Isis Burning Away the Mortal Parts of the Prince of Byblos in the Fire

The story begins in the ancient lands of the Nile, during a time when the gods walked among men and the balance of the world rested upon the shoulders of Osiris, the king of Egypt. Osiris was a wise and benevolent ruler who brought civilization, agriculture, and law to his people. However, his brother Set, the god of chaos and the desert, harbored a deep and corrosive jealousy. Set conspired with seventy-two accomplices to overthrow Osiris. He constructed a magnificent chest of cedar and gold, built to the exact measurements of his brother. At a great banquet, Set offered the chest as a gift to anyone who could fit perfectly inside it. When Osiris lay down within the box, the conspirators slammed the lid shut, sealed it with molten lead, and cast it into the Nile.

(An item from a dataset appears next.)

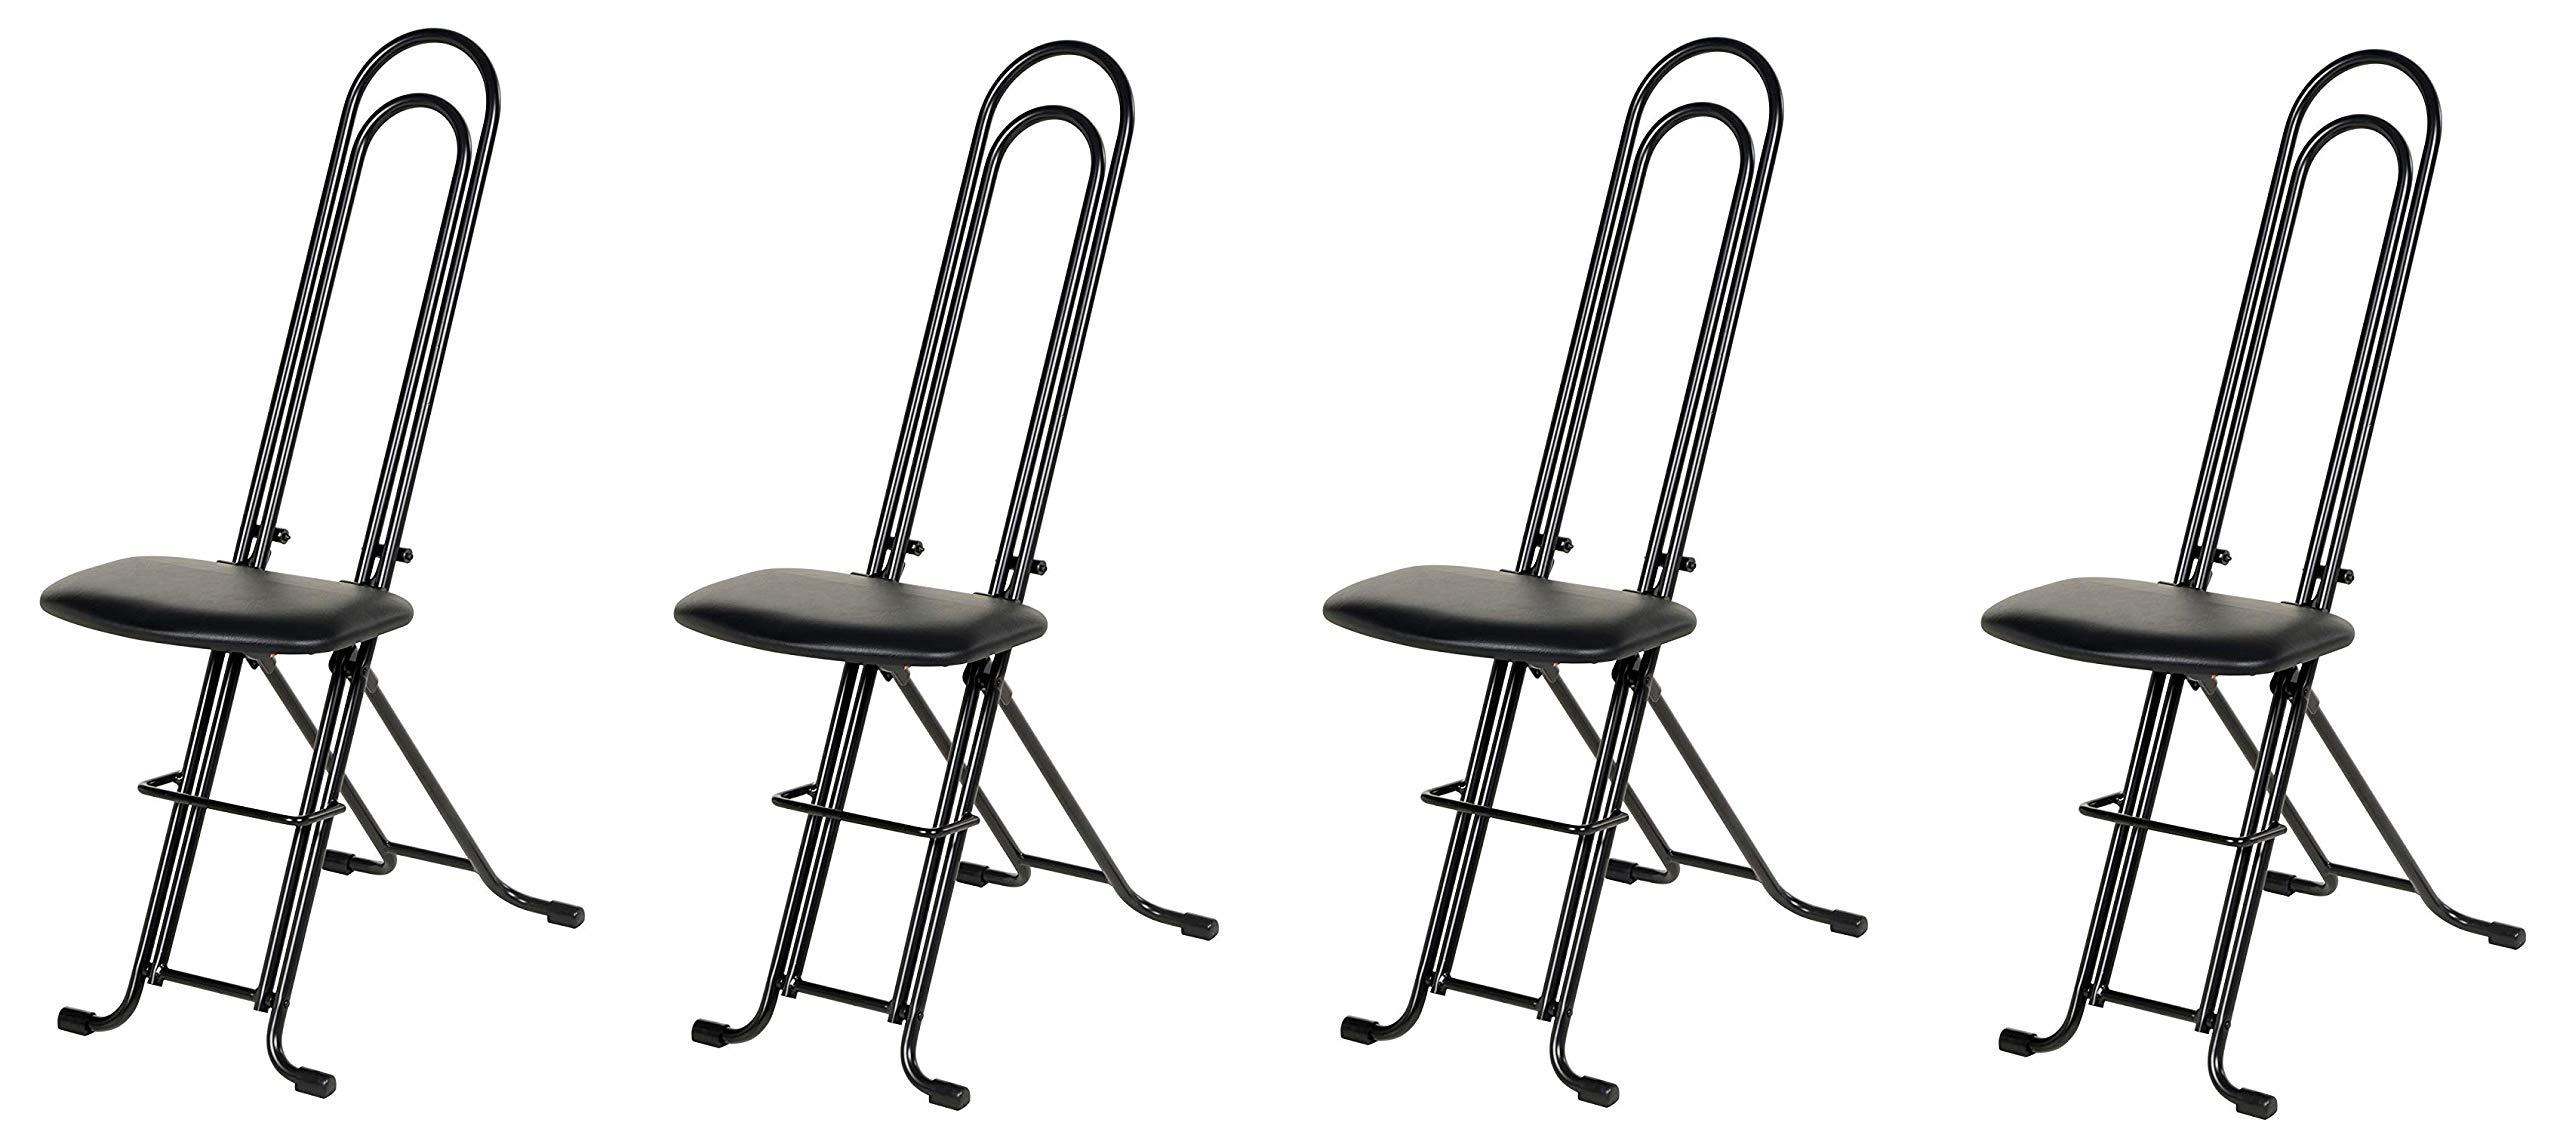 Vestil CPRO-800LP Ergonomic Worker Seat/Chair, 13-1/2'' Width, 10'' Depth, 300 lb. Capacity, 18'' - 33'' Height Range (Pack of 4)
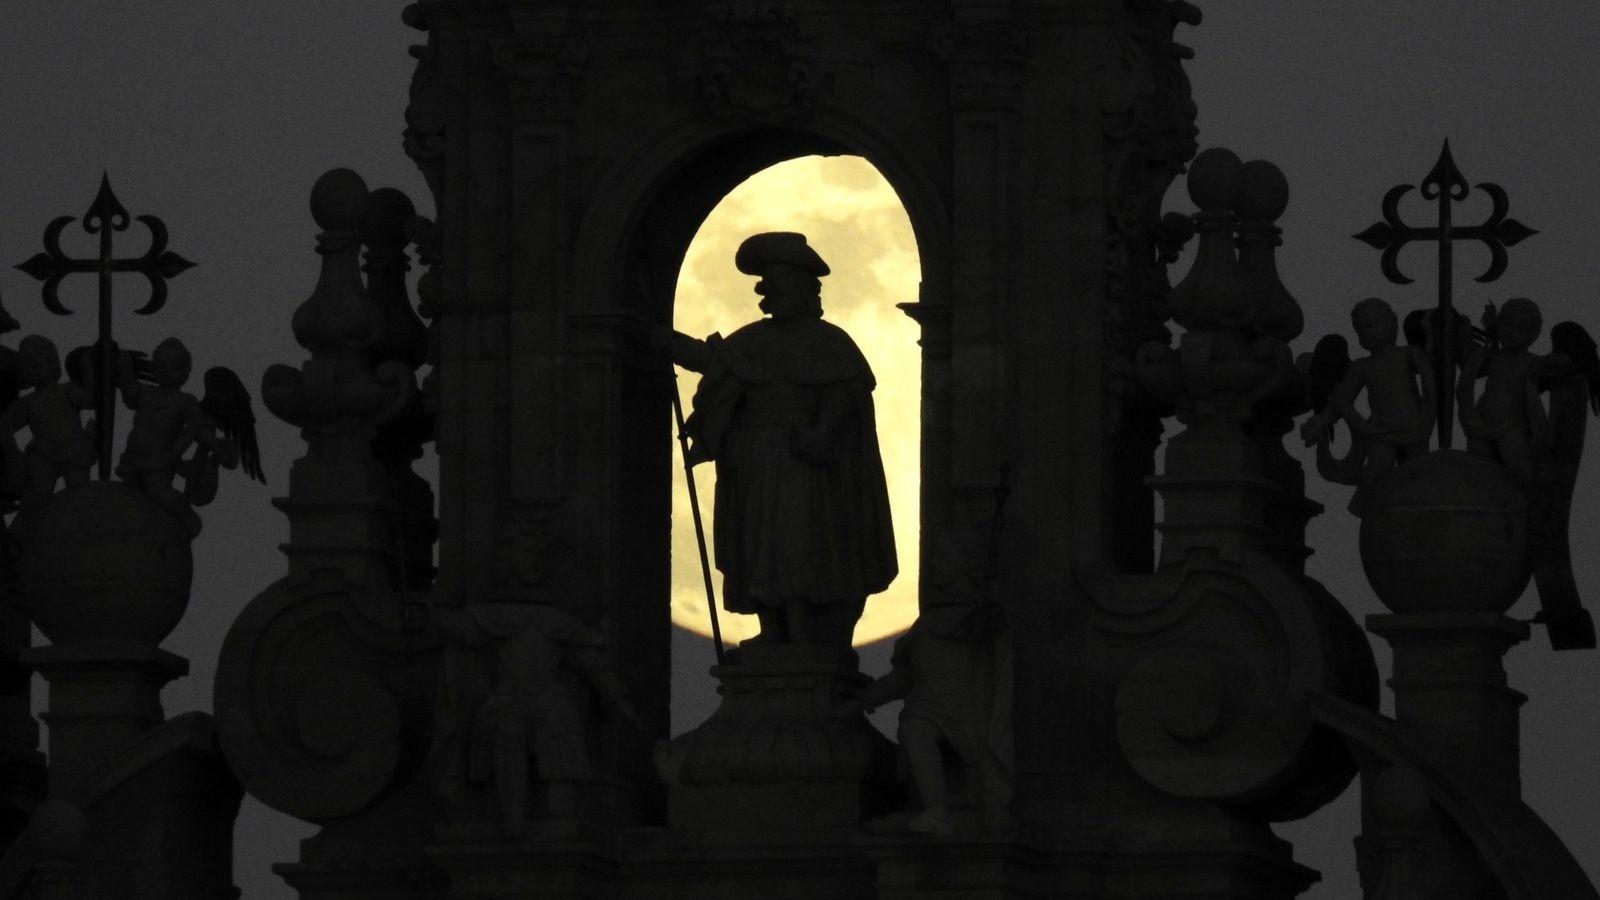 Foto: La luna llena asciende sobre la figura del Apóstol Santiago en la Catedral, en Santiago de Compostela. (Efe)

The chest was carried by the river's current out into the Great Green Sea, eventually washing ashore at the Phoenician city of Byblos. As the chest rested against the coastline, a miraculous Erica tree—sometimes described as a tamarix—grew with supernatural speed, completely enveloping the chest within its trunk. The tree became so beautiful and massive that King Malcander of Byblos, struck by its grandeur, ordered it to be cut down and used as a central pillar to support the roof of his royal palace. Unbeknownst to the king, the body of the murdered Egyptian god remained encased within the wood of that very pillar.

Back in Egypt, the goddess Isis was consumed by a grief that shook the foundations of the earth. She cut her hair, donned the robes of a mourner, and set out on a desperate quest to find her husband’s remains. Guided by the whispers of the wind and the insights of the divine, she eventually learned that the chest had drifted toward the shores of Phoenicia. She traveled across the sea and arrived at the bustling port of Byblos. Instead of revealing her divine nature, she sat in humble silence by a public well, where the local women came to draw water. She spoke to no one until the handmaidens of Queen Astarte arrived. To them, she showed a strange kindness, braiding their hair and breathing upon them a divine fragrance that originated from her own skin. When the handmaidens returned to the palace, the Queen was mesmerized by the celestial scent clinging to them and asked where it had come from. They told her of the mysterious woman at the well, and the Queen, sensing a unique power, invited Isis to the palace to serve as the nurse for her infant son, the Prince.

Isis accepted the role and began to care for the child. She grew fond of the infant, whose name is sometimes recorded as Dictys or Maneros. In her affection, and perhaps as a way to process her own loss, she decided to bestow upon the mortal child the greatest gift a goddess could give: immortality. Every night, through the use of powerful heka, or magic, she would place the child into the heart of the palace hearth. The fire was not meant to consume him, but rather to slowly burn away his mortal limitations, his frail flesh, and his destiny to die. While the child sat among the glowing embers, Isis would transform herself into a swallow. In this avian form, she would fly around the great pillar that held Osiris, chirping a mournful, piercing lament that echoed through the halls of the palace.

Queen Astarte, however, grew suspicious of the nurse’s nocturnal activities. One night, she hid behind a tapestry and watched as Isis placed the prince into the roaring flames. Terrified for her son’s life, the Queen burst from her hiding place with a piercing scream and snatched the child from the fire. In that moment of mortal fear, the spell was broken. Isis resumed her true, towering form, her radiance filling the room with a light so intense that the Queen fell to her knees in awe and terror. The goddess revealed that by interrupting the ritual, the Queen had robbed her son of the chance to live forever as a god; he would now remain a mortal, subject to the passage of time and the eventual reach of death.